Anyone who has left teaching can tell you that leaving doesn’t happen all at once. You peel off layers of the experience, like winter clothes in spring.
The first thing I did was sleep like I’d never slept before. Then, for the first time ever, I experienced September as fall, not as back to school. With some hesitation (and to my sister’s consternation), I mailed my horde of stickers to my young nieces. I donated cardigans, costumes, and classroom t-shirts to charity, and I threw out sad, sensible flats and the offensive little no-show socks that went with them.
Slowly, over months, I let go of stress and frustration that I didn’t know I’d held on to—until one day, like realizing halfway to work on a warm day in April that I wasn’t wearing a coat, I knew that weight was gone. My impression of my own experience had shifted and felt kinder and less obscured by those emotions. I wonder if what I remember now is more accurate—it certainly feels truer.
Now, almost two years out of the classroom, I know my memories are fading. I tried just now to make a list of things I’ve forgotten, and then I realized that there is a very good reason why I can’t do that. When I think about what I remember clearly, though, there is a common thread. Maya Angelou said, “I’ve learned that people will forget what you said, people will forget what you did, but people will never forget how you made them feel.” People often use this quote to remind teachers to treat their students with kindness, but it’s true for teachers, too. Almost all the memories of both teaching and being a student that are still clear to me are about how I felt.
When I was eight years old, I was walking by myself down a long ramp in my elementary school. There were stacked metal banister rails along the walls, hung in horizontal parallel lines. I walked, weaving my arm in and out between them—close but never touching them, like a game of Operation®—until, with a jerk, my arm got stuck. I’d put it too far through, and the metal had caught the skin on my upper arm and wrenched it tight. I pulled straight out to try to get loose, but it wouldn’t move, and it hurt. I had just begun to realize that maybe this was time to panic when a woman came by, calmly put her hands on my shoulders, and walked me back a few steps, freeing me from this unexpected trap. I looked up at her, dumbfounded.

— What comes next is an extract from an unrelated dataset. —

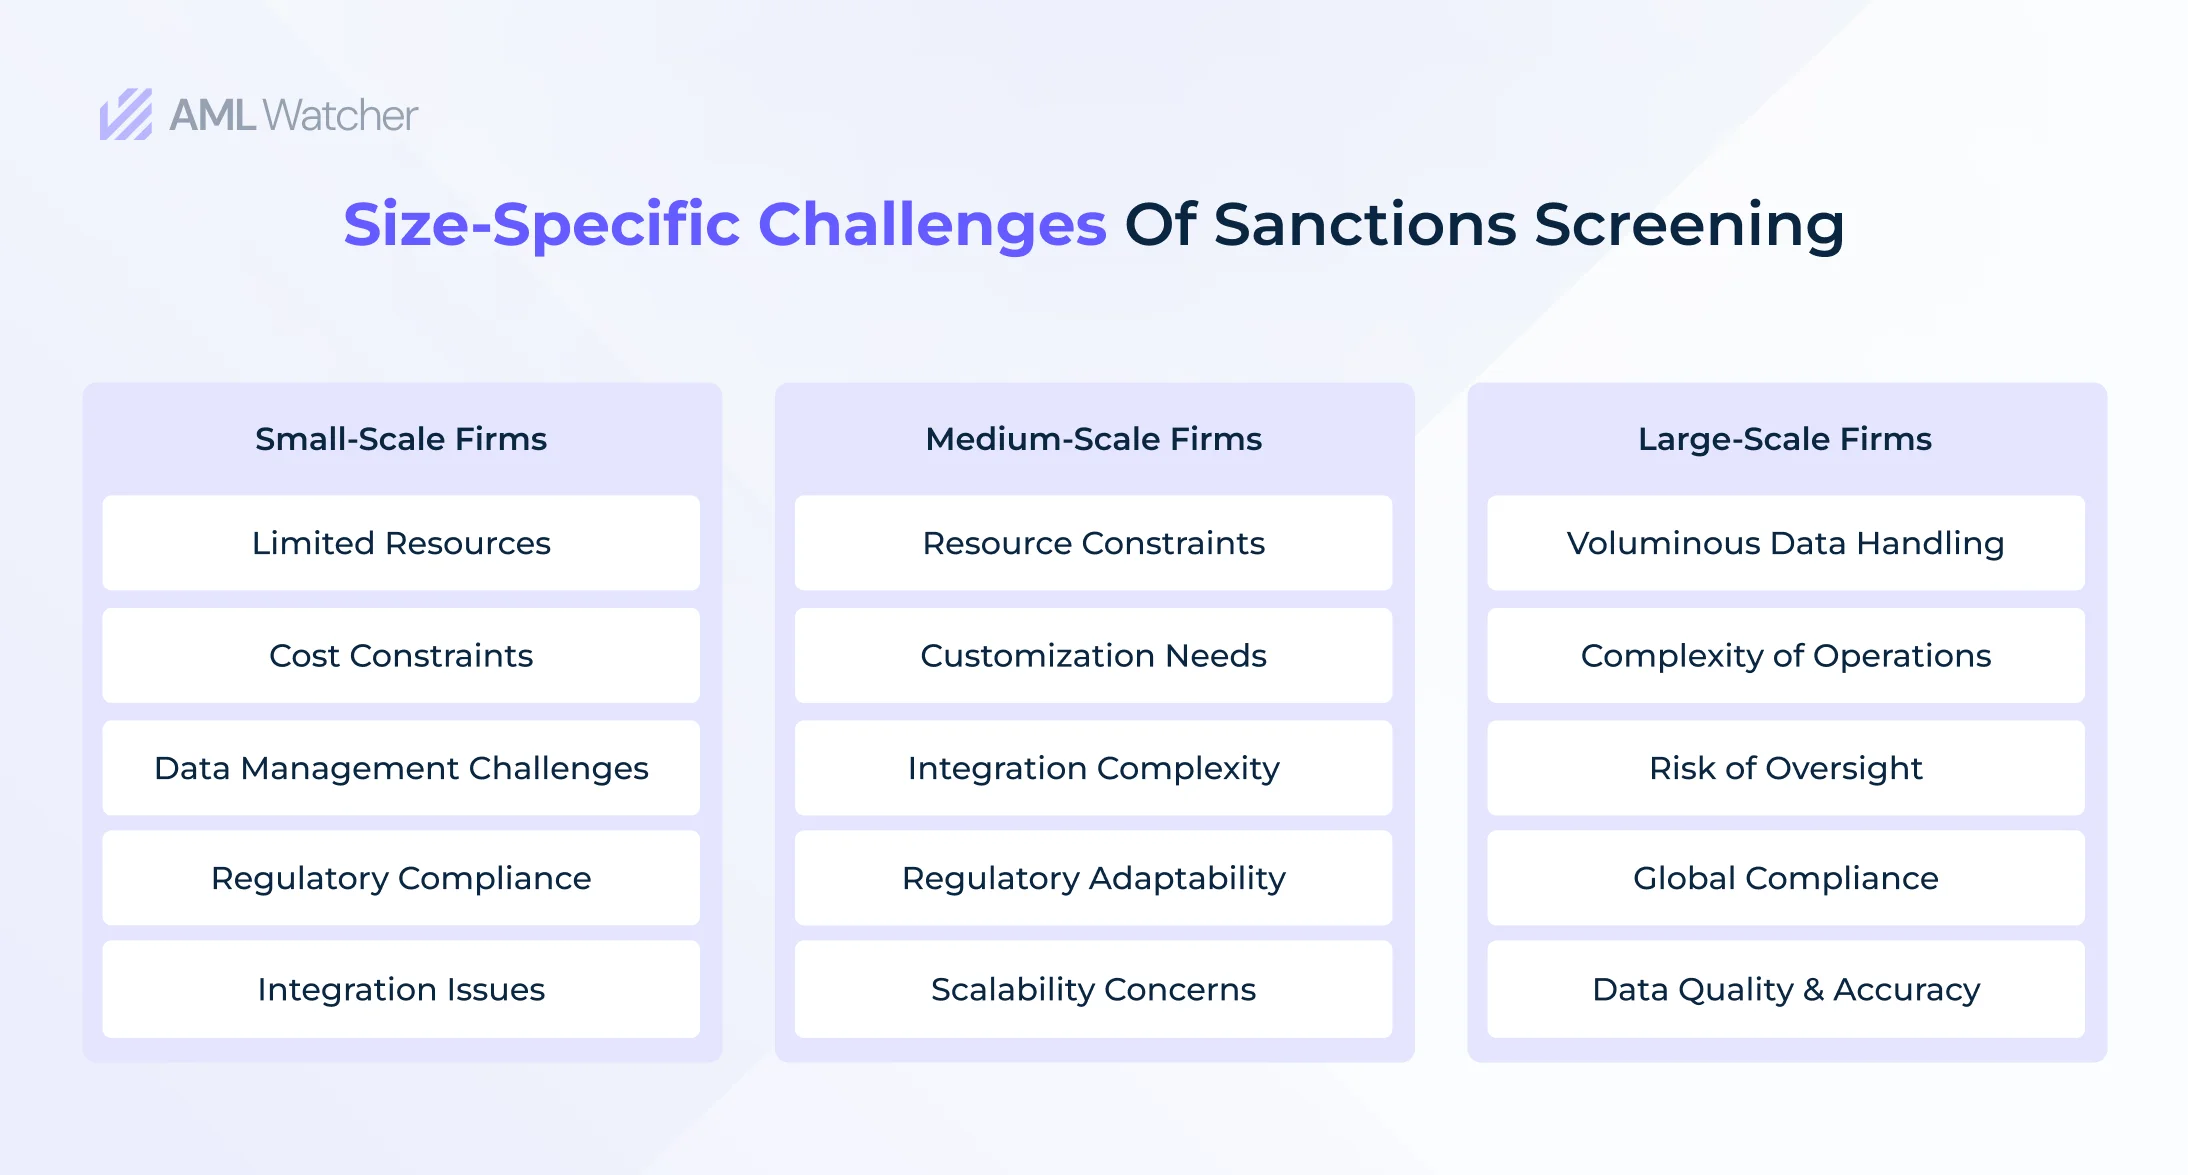 A thorough review of challenges and roadblocks of sanctions screening faced by small to large scale firms including huge data management, resource allocation, cost constraints, meeting regulatory requirements, and more. 

I remember how I felt in that instant: shocked at how the simple the solution to this problem was and how I hadn’t seen it.
More than 20 years later, I was headed upstairs to the administration suite at the school where I taught. A little boy, about eight years old, was walking down the stairs with his arm between the metal banister and the safety bars underneath it. He took a step down with his arm too far between the metal bars, and I saw his skin twist as it stuck to the metal. I saw the moment of confusion in his eyes as he realized he was stuck, just like I’d felt more than 20 years before. I calmly put my hands on his shoulders and backed him up a step to free him. He looked just as surprised to be suddenly free as he’d been to be suddenly caught.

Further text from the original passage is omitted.